▸ Your instructions: Set down each line of the material that follows, exactly, with no pictures.

▸ Dataset section:
=== Begin Enclosure ===
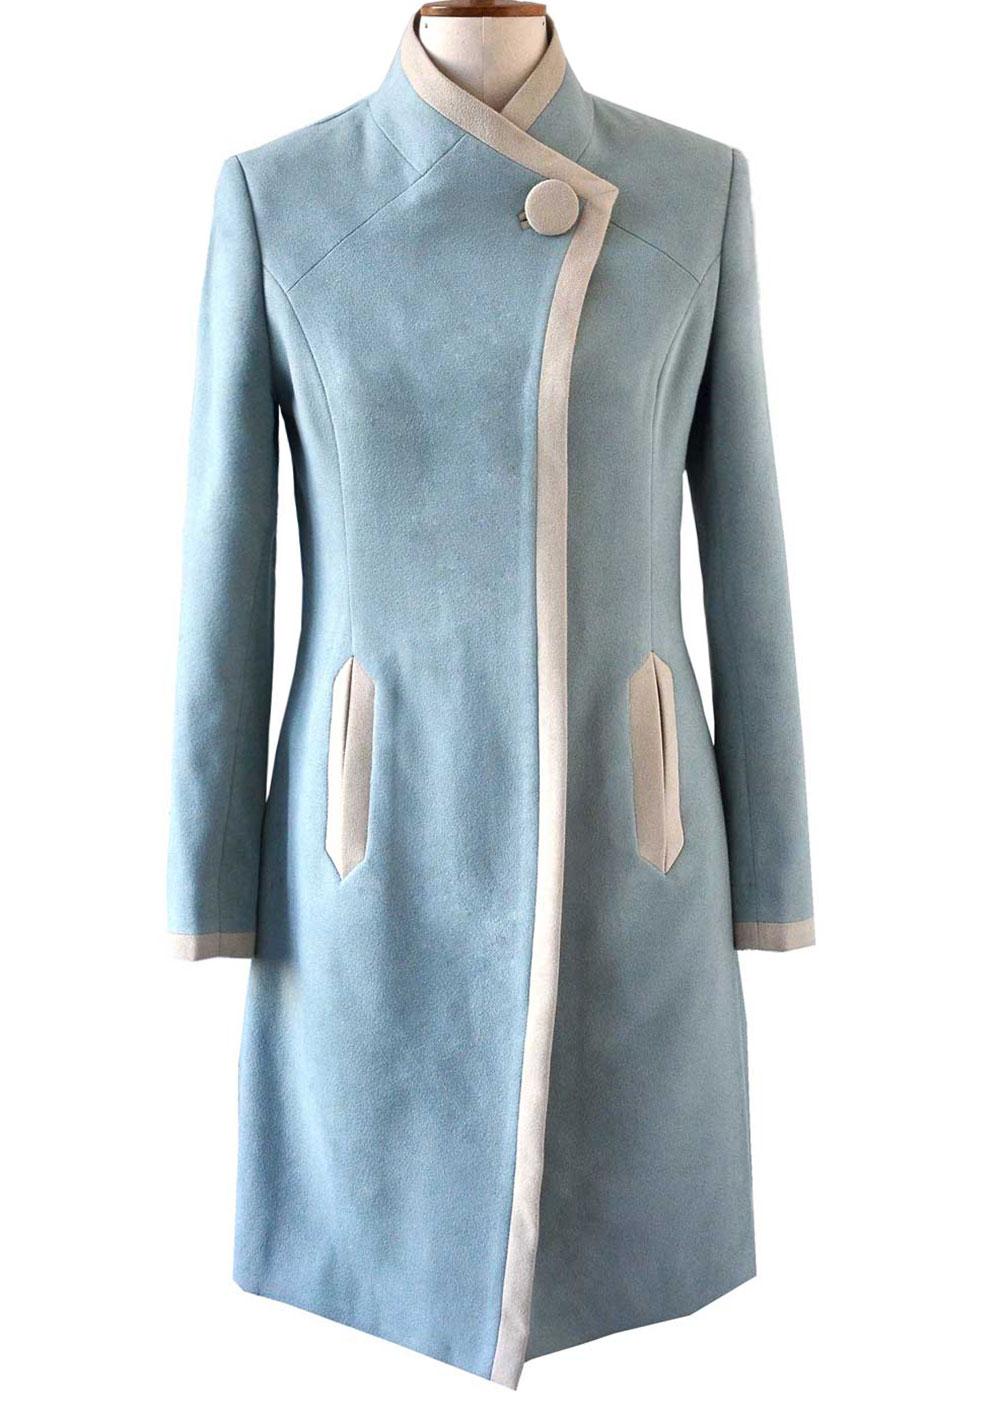 light-blue-winter-coat-a
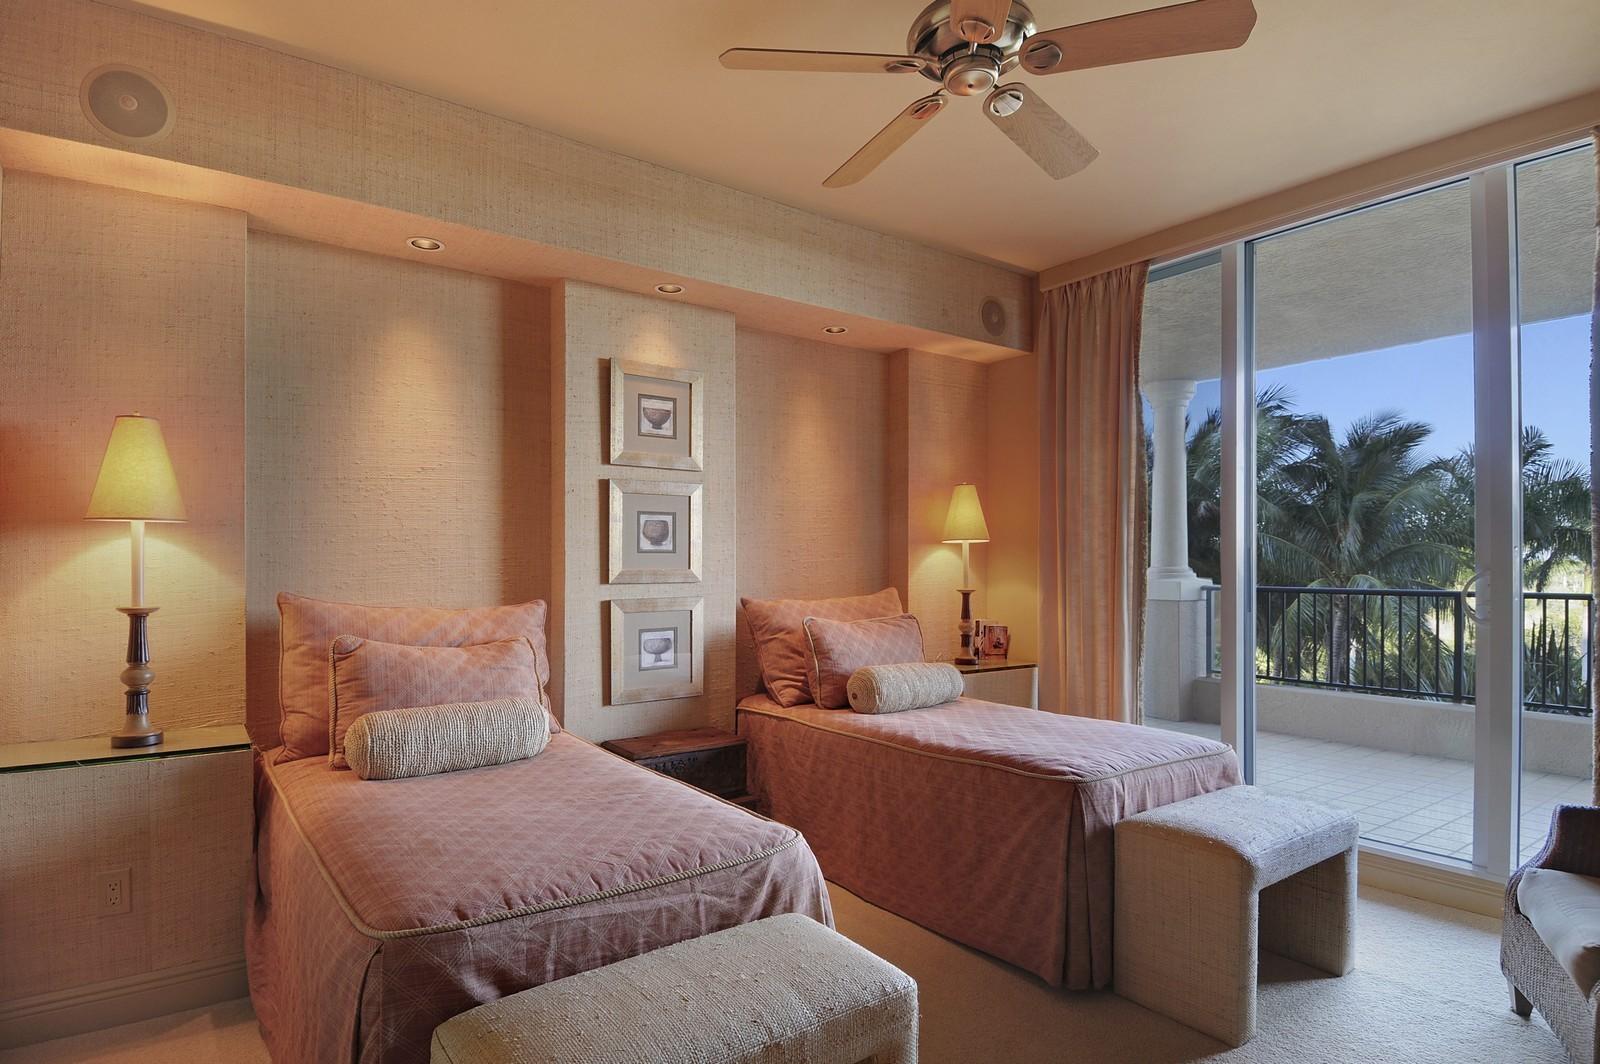 Real Estate Photography - 4875 Pelican Colony Blvd, Unit 304, Bonita Springs, FL, 34134 - 3rd Bedroom
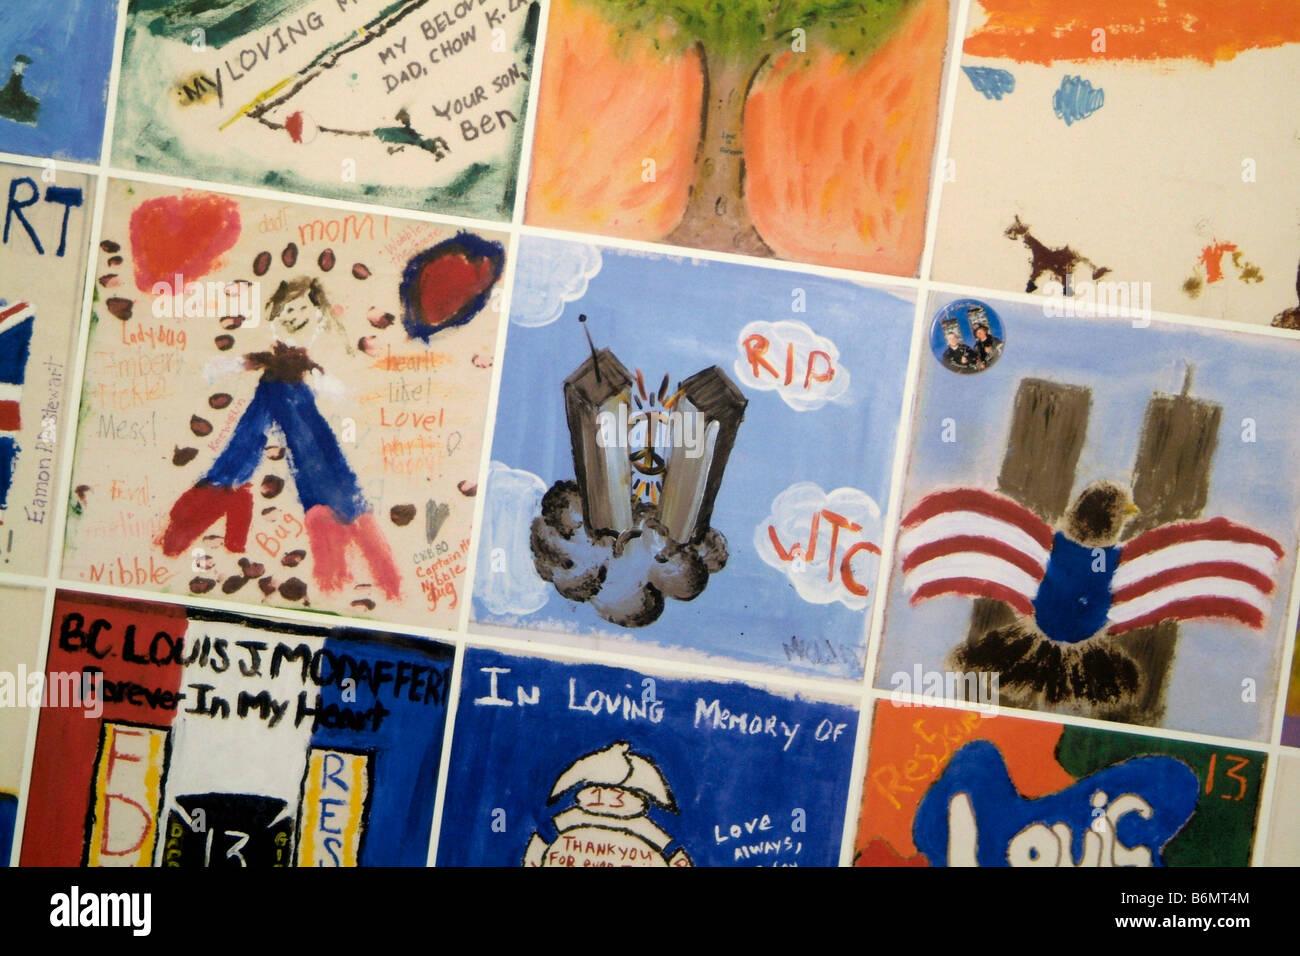 Children's painted memorial tiles at 9/11 Ground Zero New York, USA - Stock Image
=== End Enclosure ===
▸ Solution:
 light-blue-winter-coat-a
 Real Estate Photography - 4875 Pelican Colony Blvd, Unit 304, Bonita Springs, FL, 34134 - 3rd Bedroom
 Children's painted memorial tiles at 9/11 Ground Zero New York, USA - Stock Image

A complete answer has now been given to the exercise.